The Drenoi, for instance, who lack the illusion of continuity of consciousness and thus recognize different aspects of their lives as different individuals with their own names, financial affairs, and criminal status, and who find attempts at "joinder" insulting and basically in really bad taste (plus of course lacking in all common sense). Or the "Corsairs." They also only have an exonym, because to them life is sorted into "us" and "prey." Their language can't functionally handle "intelligent species that isn't us" as the basic definition of "intelligent species" is "us."
A thing I realized is that for them and for others the social forms and their understanding of the ways of other species will evolve, sometimes radically. For the latter, they are capable of quite complex relationships with various "prey," some of which come close enough to be mistaken for "trade" or "diplomacy."
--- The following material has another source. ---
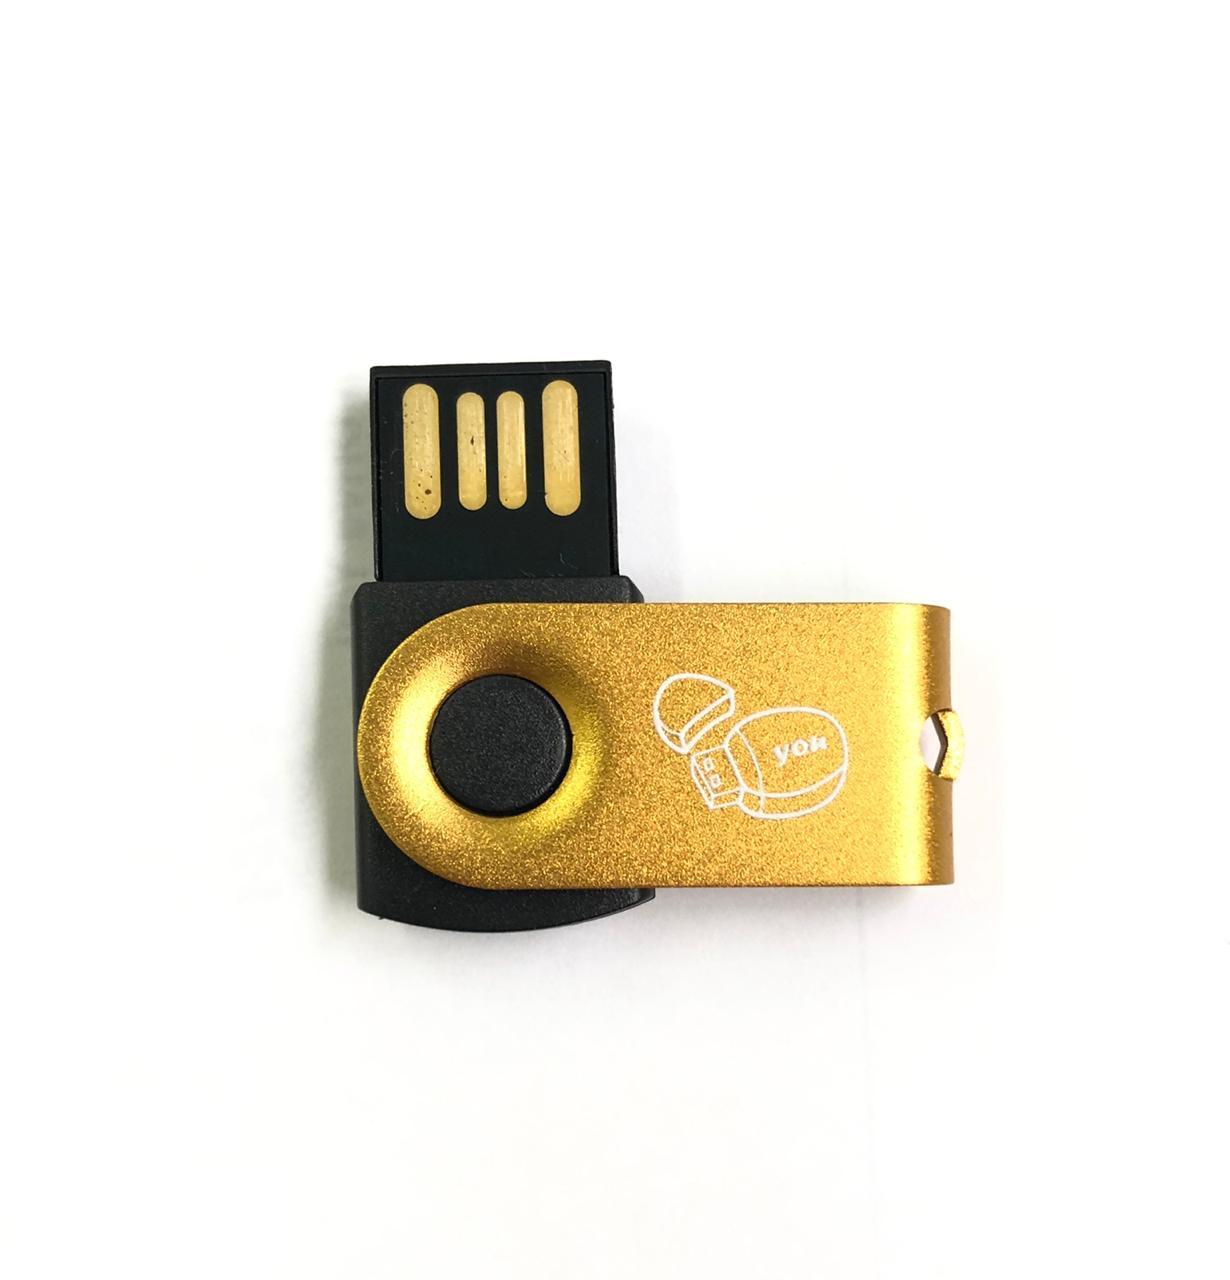 Mini Pen Drive 4G Giratório Full Color - Dourado Personalizado  - Pen Drive You

And our humans are also doing this; coming in with a sort of corporate structure, plus independent operators (prospectors, explorers, traders, who all have more direct experience at the start of the game) plus remnants of the Terran Empire professional navy (this group of colonies got economically abandoned as ferrying goods across the long-jump wormhole wasn't paying off for either, and their connection to that distant empire has gotten thinner and thinner). And everyone is re-evaluating and adapting, sometimes in wild leaps into the unknown.
So you can see why this is exciting. Among other things, problems for the protagonists practically write themselves. Because the way I want this to play out is a lot of rough-and-tumble, practically space opera, with crash-landings and hostile locals and pirate raids and crazy schemes and all the rest of it.
Just got to finish with Penny. Have her talking with the cops now (the scene I dreamed up at the last minute, that has been a real bear to get to work properly). Then the "bar at the end of the universe" (part of the conversation goes positively Stapletonian, starting with Ray Cats and working its way well past the final variable of the Drake Equation), the thrice-dug grave, a confrontation at Lon's trailer and the chase across the Jornada to end up at the Trinity monument.
And as I'm sitting at 65K, it looks like Egtved Girl isn't going to make the cut. The final chase is going to be simpler than I thought.